RCN 3.8, 18.3, 30.2, 29.0
CRCN+ReLU 6.9, 20.7, 33.3, 28.0
CRCN 11.7, 31.2, 43.6, 14.0

3. Evidence that CRCN is better with longer passage (R1,4)
Since the reviews' comment is very reasonable, we run new sets of AMT tests to check how the performance margins between RCN and CRCN vary according to the lengths of query image streams.
Pairwise preference of CRCN over RCN
5 images -> 8-10 images
NYC: 54.0% (81/150) -> 57.0% (131/230)
Disney: 56.0% (84/150) -> 60.1% (143/238)
This result supports our argument that as passages are longer, the coherence becomes more important, and thus CRCN's output is more preferred by general turkers.

4. Error in Eq.(2) (R2,3)
Thank you for the correction. The Eq.(2) should be
[S | g]= W_f2*W_f1*[O | q]
where O = [o_1|o_2| ... |o_N] , S = [s_1|s_2| ... |s_N].
We use the shared parameters for O and q, because we want the retrieval output to mix well the interaction between the content flows by BRNN and coherency. Our empirical results show this joint learning outperforms learning the two terms with separate parameters.

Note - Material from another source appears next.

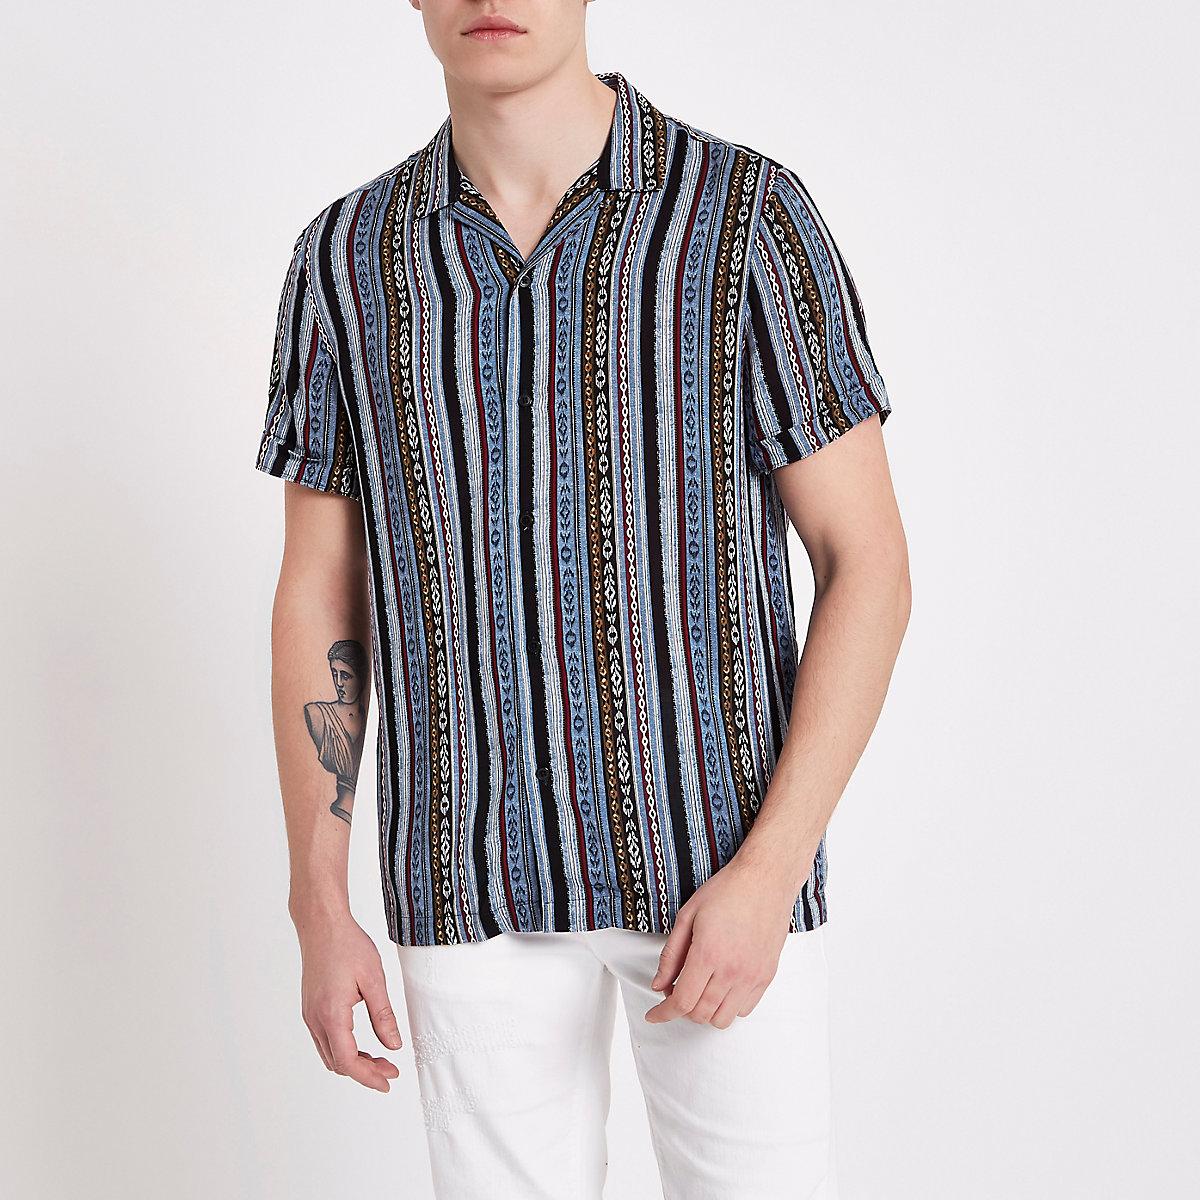 Chemise imprimé aztèque bleue à manches courtes et col à revers

5. Better metrics instead of BLEU (R1,3)
Following reviews, we compute Cider and Meteor metrics. We observe the tendency of Cider and Meteor is similar to that of BLEU. Note that with retrieval metrics (R@K, MedRank), CRCN significantly outperforms RCN. For Disney dataset,
Baseline | Cider | Meteor
CNN+LSTM 10.0 4.51
CNN+RNN 0.4 1.34
MLBL-B 19.7 8.03
GloMatch 2.2 4.31
1NN 19.5 7.46
RCN 51.3 8.87
CRCN 52.7 8.78

6. Referring to video-sentence work (R2,3,4)
Multiple reviews suggest comparing with the video-sentence work (e.g. Rohrbach+2014, R. Xu+2015), which will be cited in the final draft.
Our key novelty is that we explicitly include the coherence model, which is more critical for image streams than videos. Unlike videos, consecutive images in streams may show sharp changes of visual contents, which cause the abrupt discontinuity between contents of consecutive sentences. Thus the coherence model is more demanded to make output passages fluent.

7. Anonymity (R2)
As R2 pointed out, the dataset of [11] is not publicly available. But the authors of [11] were open to share their dataset upon request.

8. Why CRCN better than RCN in retrieval? (R1,3)
CRCN is only slightly better than RCN in language metrics but significantly better in retrieval metrics. It means that RCN is OK with retrieving fairly good solutions, but not good at ranking the only correct solution high compared to CRCN.
The coherence model crates descriptors that capture various aspects regarding coherency, and the interaction between this descriptor and BRNN output are jointly learned via two FC layers. As R1 mentioned, the test text streams to be ranked are already coherent in some sense (because they are passages written by human), but our model does not simply summate the content and coherence terms, but learns the complex interactions between them; such modeling power can help pinpoint the correct retrieval.

9. Difference from Karpathy's [9] (R1)
R1's comments are correct. Plus, we add three more differences. First, our method includes the coherent model for smooth sentence transitions. Second, the final retrieval output of [9] is existing sentences in the training set, whereas our output passages do not exist in the training set. Third, by nature of our problem, the compatibility of sequential ordering is more important than [9] that parses the image into multiple semantic regions, and measures their fitness with words of a sentence with rather free ordering.

All the other comments are about the details of algorithms and experiments, which will be resolved in the final draft.